We present Condition-Aware Neural Network (CAN), a new method for adding control to image generative models. In parallel to prior conditional control methods, CAN controls the image generation process by dynamically manipulating the weight of the neural network. This is achieved by introducing a condition-aware weight generation module that generates conditional weight for convolution/linear layers based on the input condition. We test CAN on class-conditional image generation on ImageNet and text-to-image generation on COCO. CAN consistently delivers significant improvements for diffusion transformer models, including DiT and UViT. In particular, CAN combined with EfficientViT (CaT) achieves 2.78 FID on ImageNet 512x512, surpassing DiT-XL/2 while requiring 52x fewer MACs per sampling step.
The Condition-Aware Neural Network (CAN) represents a novel approach in generative models, using dynamic weight alteration based on input conditions to enhance image generation controllability.
CAN introduces a novel conditional control mechanism through weight manipulation and provides practical design insights for optimal application, leading to substantial improvements in image generative models.
The study demonstrates CAN's superiority over previous conditional control methods in terms of efficiency and effectiveness, particularly when integrated with diffusion transformer architectures.
CAN's introduction paves the way for future research in generative models and conditioned image synthesis, suggesting potential extensions to video generation and integration with other efficiency-improving techniques.
Recent advancements in generative models have shown promising results in the synthesis of photorealistic images and videos. Nevertheless, the potential of these models has yet to be fully unlocked, particularly concerning the controllability aspect of the generation process. The Condition-Aware Neural Network (CAN) offers a novel approach by dynamically altering the neural network's weights based on input conditions, such as class labels or textual descriptions. This contrasts with the conventional method of manipulating features within the network. CAN's significance is demonstrated through substantial improvements in image generative models, particularly with diffusion transformer architectures like DiT and UViT.

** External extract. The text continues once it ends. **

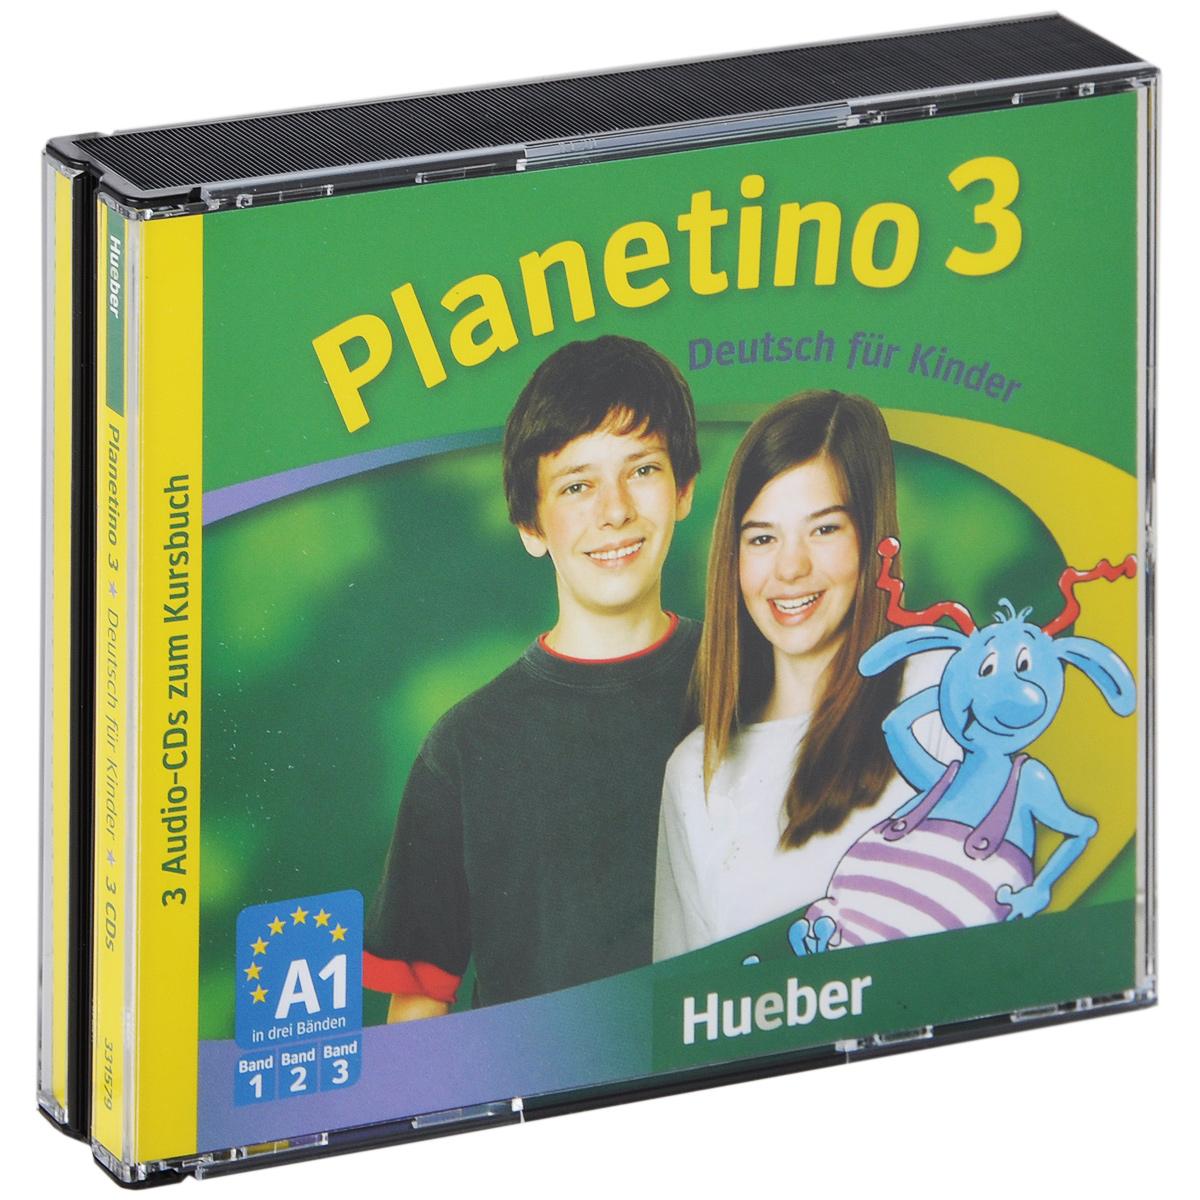 Planetino 3: Deutsch fur Kinder (аудиокурс на 3 CD)

The implementation of CAN signifies a shift toward manipulating the weight space for conditional control in image generative models. The central contributions of the study are as follows:
The empirical evaluation of CAN, especially when applied to diffusion transformer models, underscores its practical utility. The study judiciously identifies the network components that benefit most from condition-aware weight adjustment and elucidates the effectiveness of directly generating the conditional weight. Moreover, the experimental results on class-conditional generation and text-to-image synthesis validate the robustness and generalizability of CAN across diverse tasks and datasets.
The introduction of CAN opens up new avenues for research in generative models and conditioned image synthesis. From a theoretical standpoint, this work expands our understanding of conditional control mechanisms by showcasing the potential of weight space manipulation. Practically, the efficiency gains facilitated by CAN present opportunities for deploying advanced image generative models on resource-constrained devices, thereby broadening their applicability.
Looking forward, the extension of CAN to tasks beyond image generation, such as large-scale text-to-image synthesis and video generation, presents an exciting area for future exploration. Additionally, integrating CAN with other efficiency-enhancing techniques could further revolutionize the deployment and performance of generative models in real-world applications.
In summary, the Condition-Aware Neural Network marks a significant step forward in the controlled generation of images. By effectively manipulating the neural network's weights based on input conditions, CAN achieves superior performance and efficiency, setting a new benchmark for future developments in the field of generative AI.